Historically, set values based on standard deviations (2,3) or interquantile range (box-whisker) have been used as criteria for screening for outliers.

The preferred method for Recommendations is a Bonferri-corrected \(z\)-score method. First \(z\)-scores are calculated for each observation by taking \(z_{ij} = \epsilon_{ij}/s^2\) where \(s^2\) is the residual mean square. Then a critical \(z_{crit}\) value is calculated from the normal distribution for a probability given by \(1-\frac{\alpha}{2n}\) (commonly \(\alpha=0.05\)) and \(n=i \times j\). Any \(y_{ij}\) such that \(|z_{ij}|>z_{crit}\) is marked as an outlier.

```
plot(10:200,qnorm(1-0.05/(2*(10:200))),type='l', ylim=c(2,4), lty=1,
xlab='Number of Observations',ylab='Critical z score')
segments(10,3,200,3,lty=2,col='red')
legend('topleft', legend=c("3 SD", "Correct z"),col=c("red", "black"),lty = c(2,1),lwd=1)
```

Suppose we use \(\mu \pm 2\sigma\) as the range of “normal” values, and consider any value outside that range as an outlier. The proportion of values drawn from a normal distribution falling between in that range is expected to be

`pnorm(2) - pnorm(-2)`

`## [1] 0.9544997`

so, if we have \(n\) greater than

`ceiling(1/(1-(pnorm(2) - pnorm(-2))))`

`## [1] 22`

we would not be surprised to find an outlier using this criteria.

```
# Percent of observations between -3 and 3 std dev
(pnorm(3) - pnorm(-3))
```

`## [1] 0.9973002`

```
#convert to a count (1/n)
ceiling(1/(1-(pnorm(3) - pnorm(-3))))
```

`## [1] 371`

A variety trial with 30 varieties replicated 4 times has 120 plots. How many often would outliers be detected even when the errors are normally distributed?

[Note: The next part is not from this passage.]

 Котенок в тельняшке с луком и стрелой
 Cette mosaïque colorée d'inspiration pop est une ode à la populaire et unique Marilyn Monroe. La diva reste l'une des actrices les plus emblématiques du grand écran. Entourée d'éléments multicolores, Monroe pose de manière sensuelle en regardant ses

We draw a random sample of errors from the \(z\) distribution, and plot histogram and qqnorm plots

```
set.seed(200)
errors <- rnorm(120, 0,1)
hist(errors)
```

`qqnorm(errors)`

If we were to select outliers based on 3 sd, we would find at least one spurios outlier in this sample.

`max(abs(errors))`

`## [1] 3.087978`

If we use a correct critical \(z\), we would not identify outliers in this sample.

`qnorm(1-0.05/(2*120))`

`## [1] 3.529296`

Suppose we wish to combine 10 trials of 120 plots. How likely are we to identify spurious outliers?

```
trials <- 1:10
for(i in 1:10) {
errors <- rnorm(120, 0,1)
trials[i] <- max(abs(errors))
}
```

`sum(trials>3)`

`## [1] 5`

`sum(trials>qnorm(1-0.05/(2*120)))`

`## [1] 2`

At 3 sd, we find that 5 of the 10 trials have spurious outliers, but with adjusted \(z\), we find only 2.